Pictures stay out of the output. Return exactly the lines below from the one with "Today&rsquo;s mood is" down to the one with "#Greetingcards #papergoods #cardshop", both included, and nothing more.

__Input material__.
^^^^^^^^

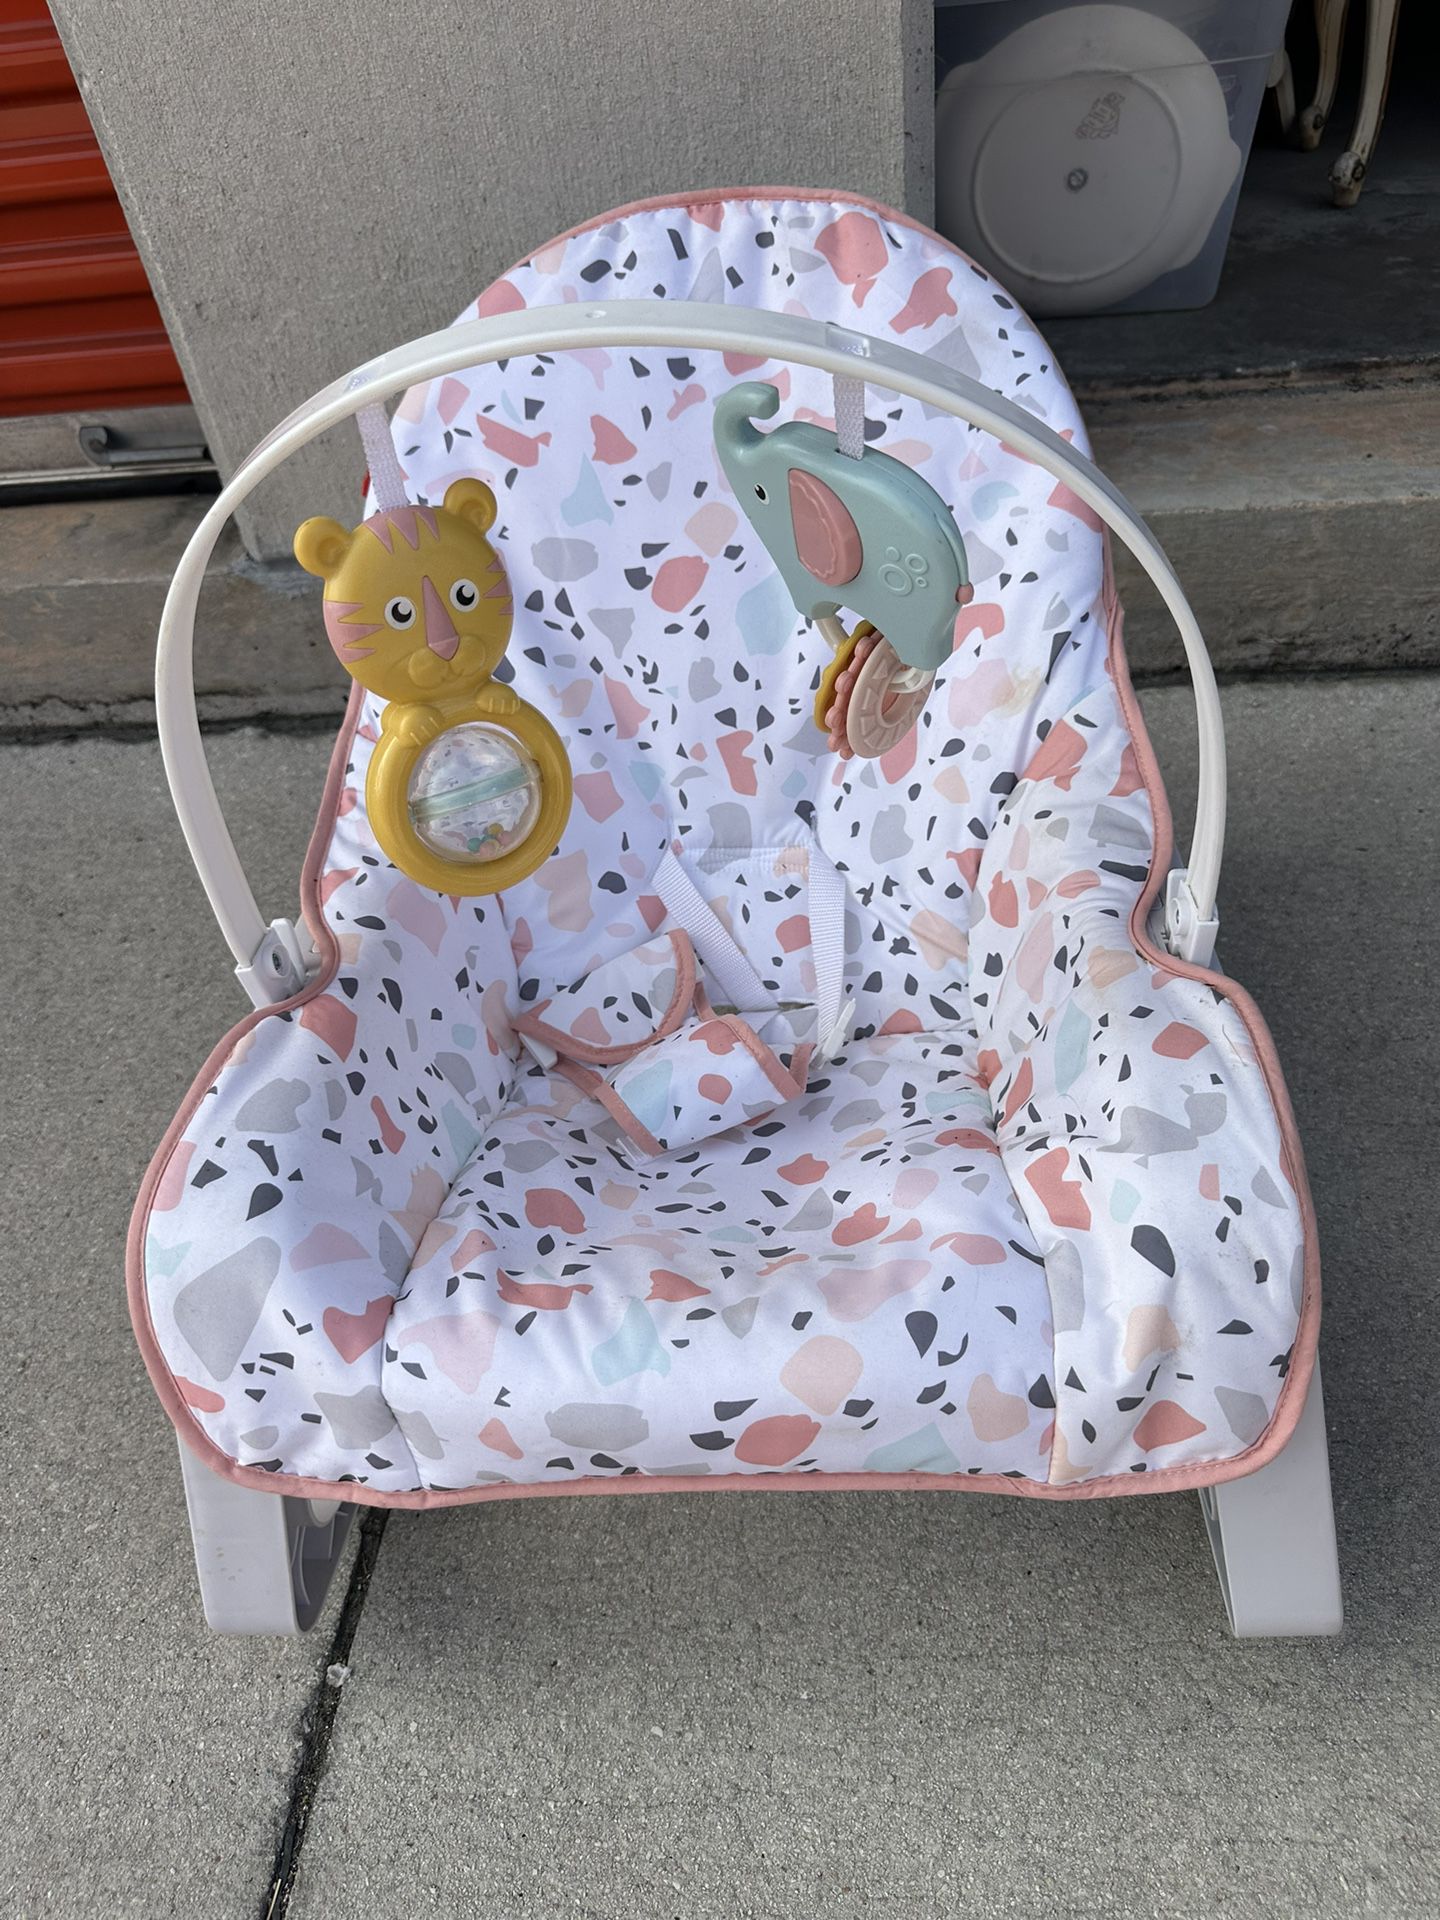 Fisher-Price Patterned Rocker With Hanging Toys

^^^^^^^^

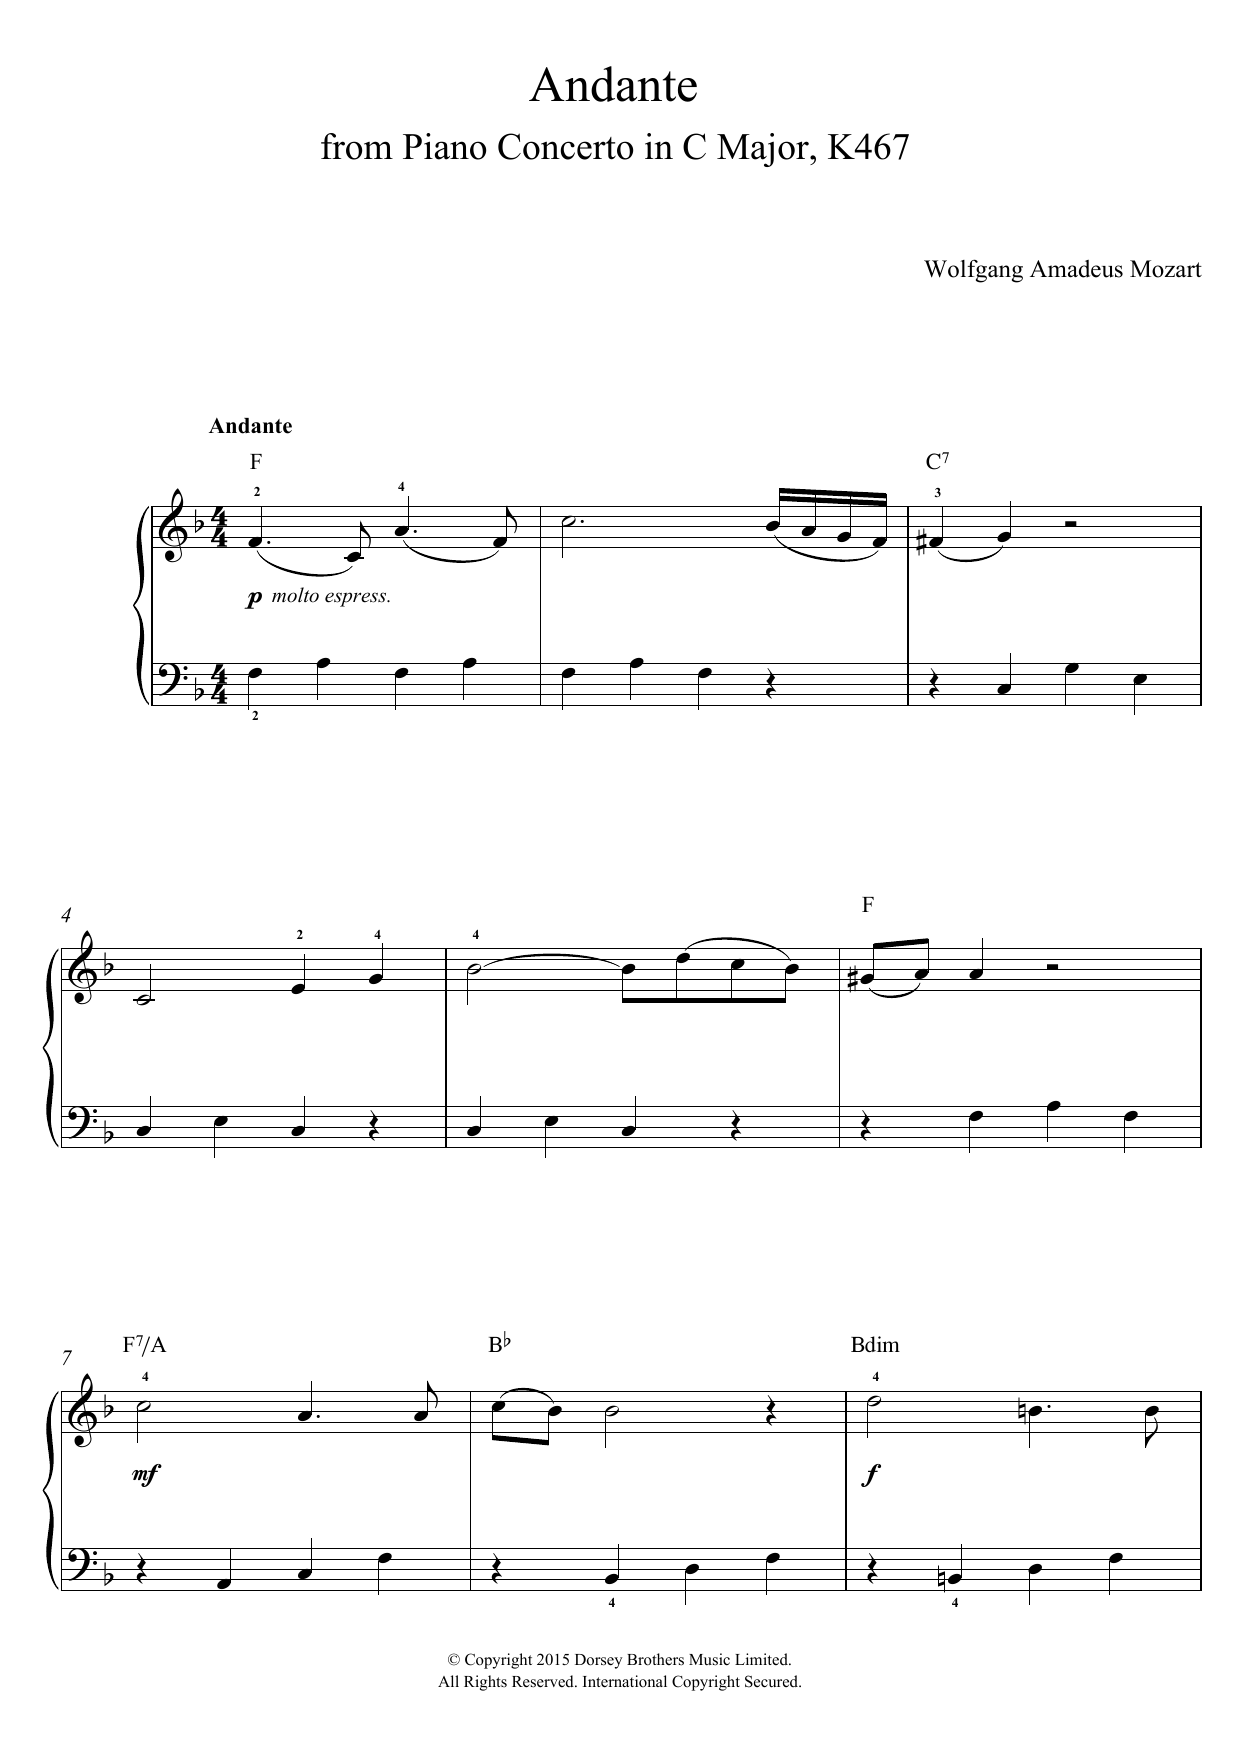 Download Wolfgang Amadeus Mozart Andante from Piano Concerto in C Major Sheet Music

^^^^^^^^

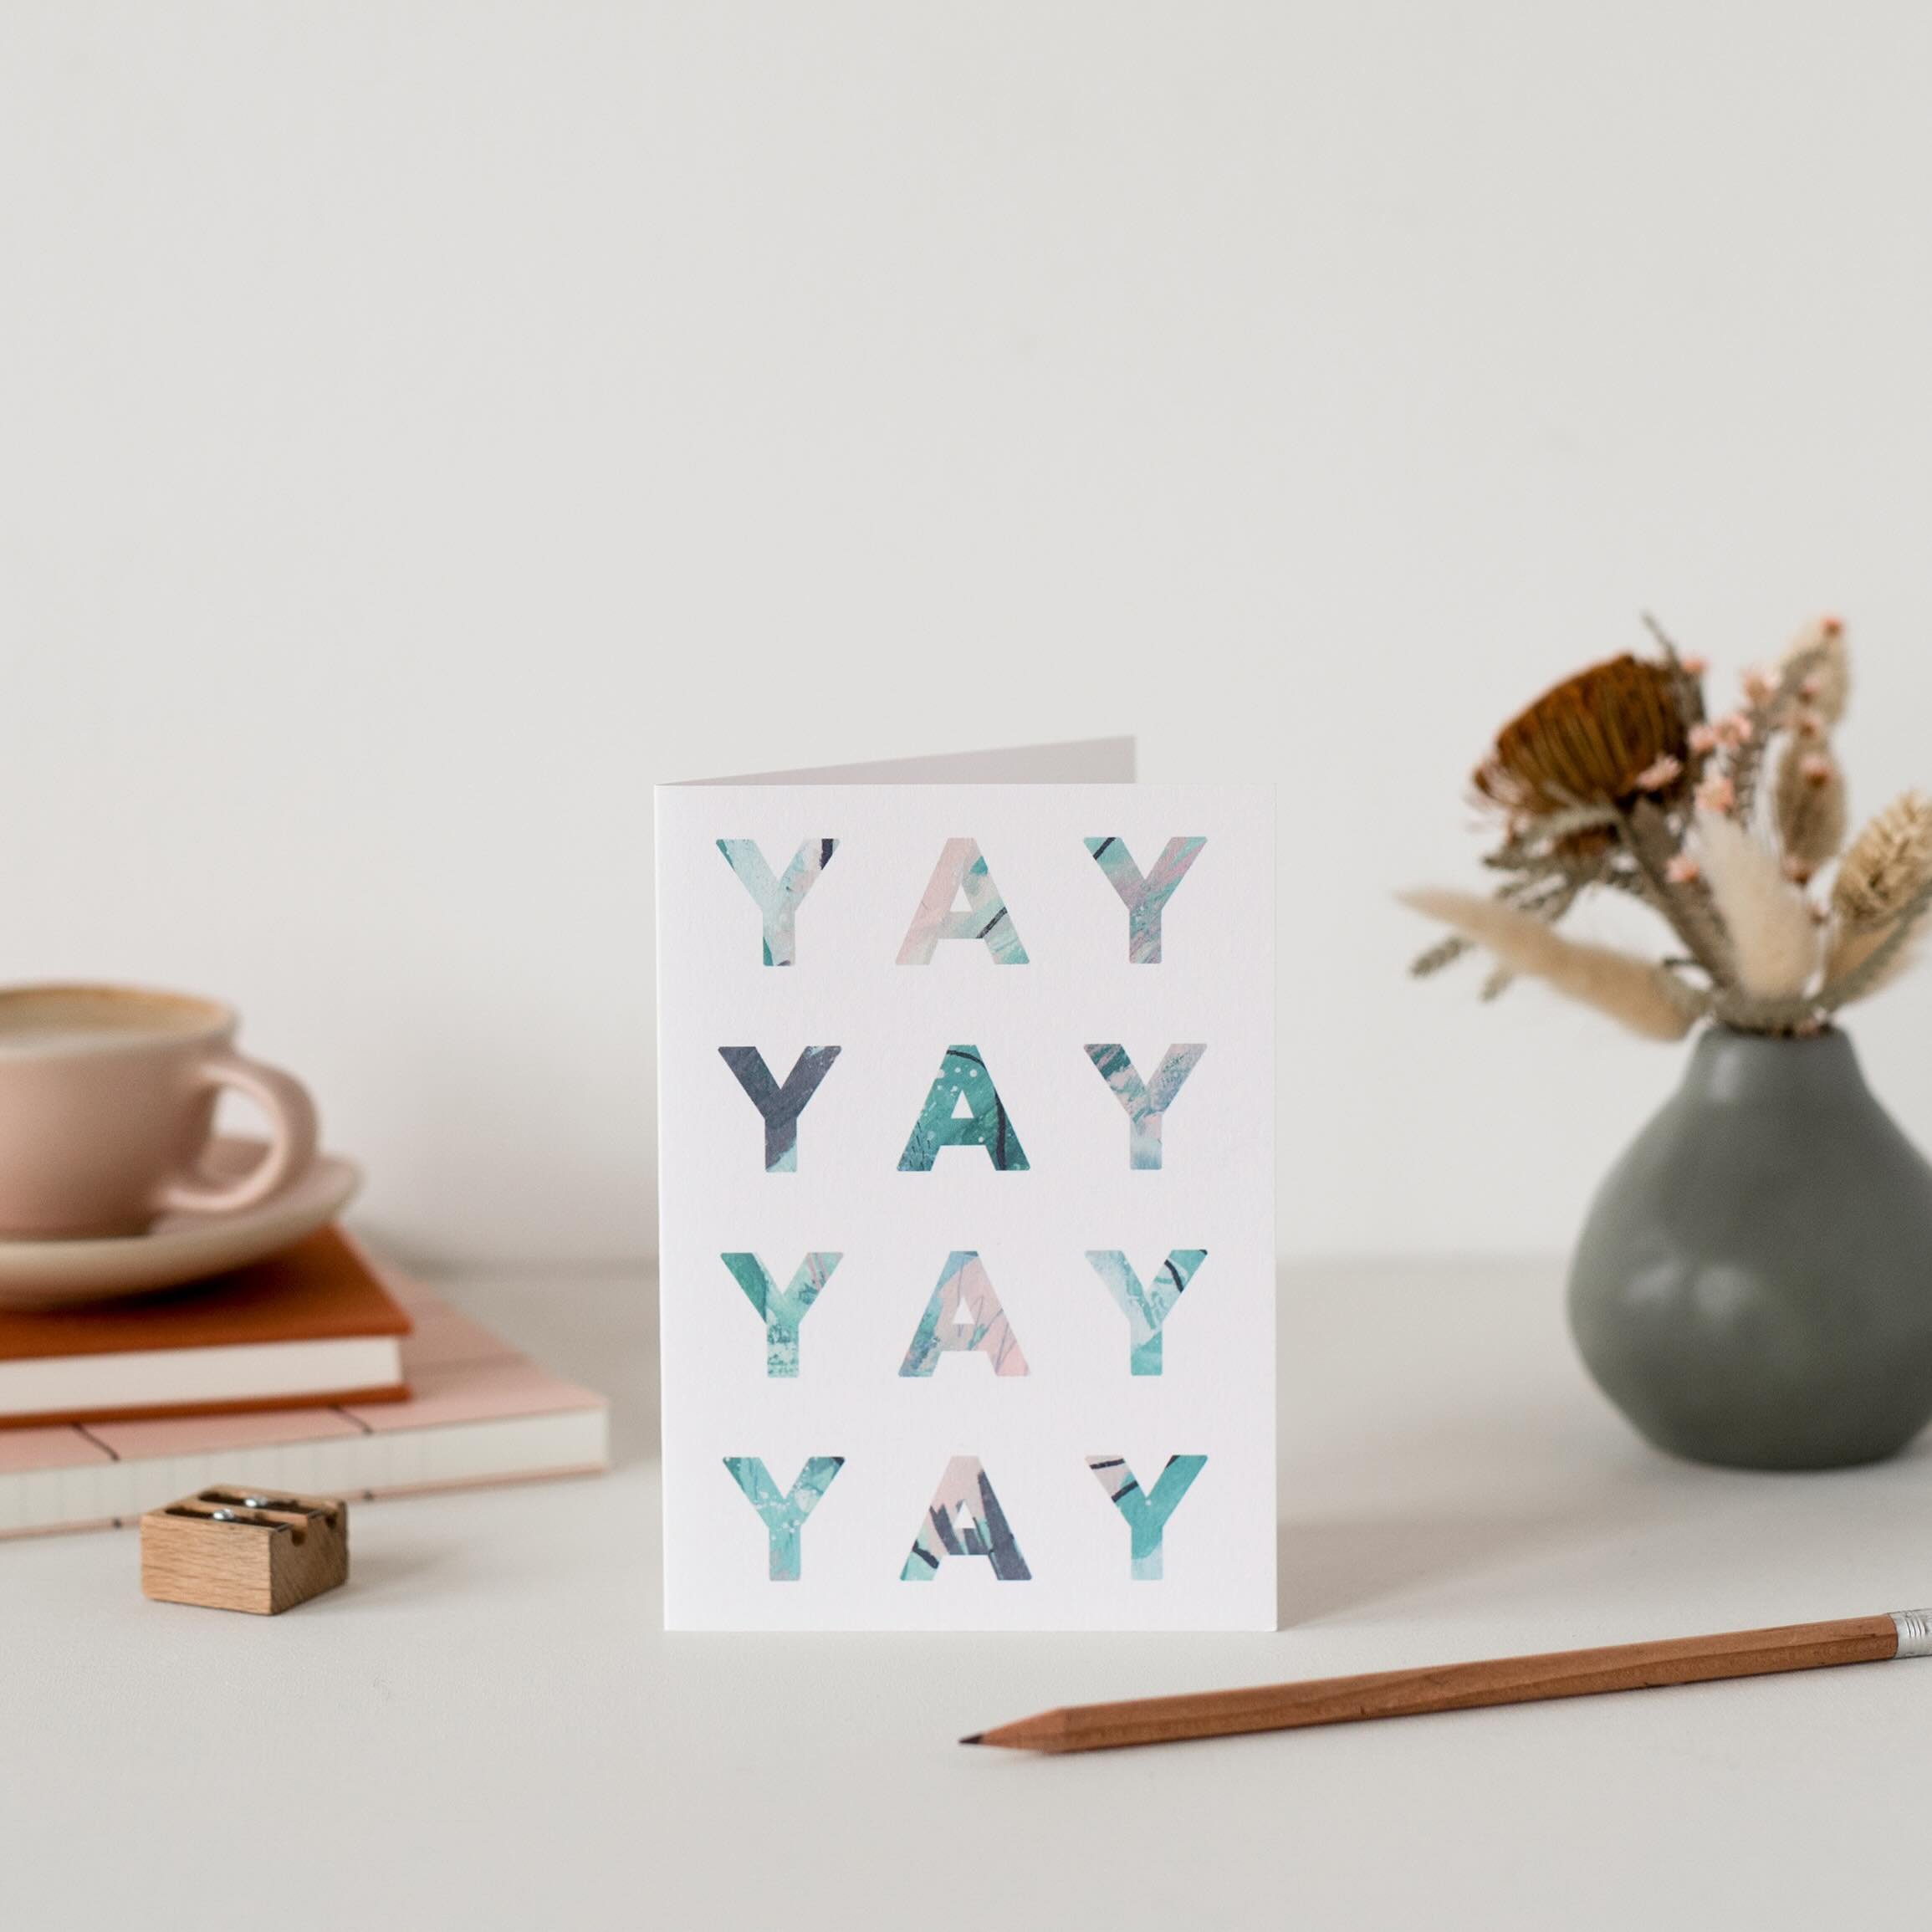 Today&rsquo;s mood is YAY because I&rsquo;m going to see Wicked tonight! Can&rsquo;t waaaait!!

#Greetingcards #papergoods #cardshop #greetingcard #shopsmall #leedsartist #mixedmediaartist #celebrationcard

^^^^^^^^

__Response to the task__.
 Today&rsquo;s mood is YAY because I&rsquo;m going to see Wicked tonight! Can&rsquo;t waaaait!!

#Greetingcards #papergoods #cardshop #greetingcard #shopsmall #leedsartist #mixedmediaartist #celebrationcard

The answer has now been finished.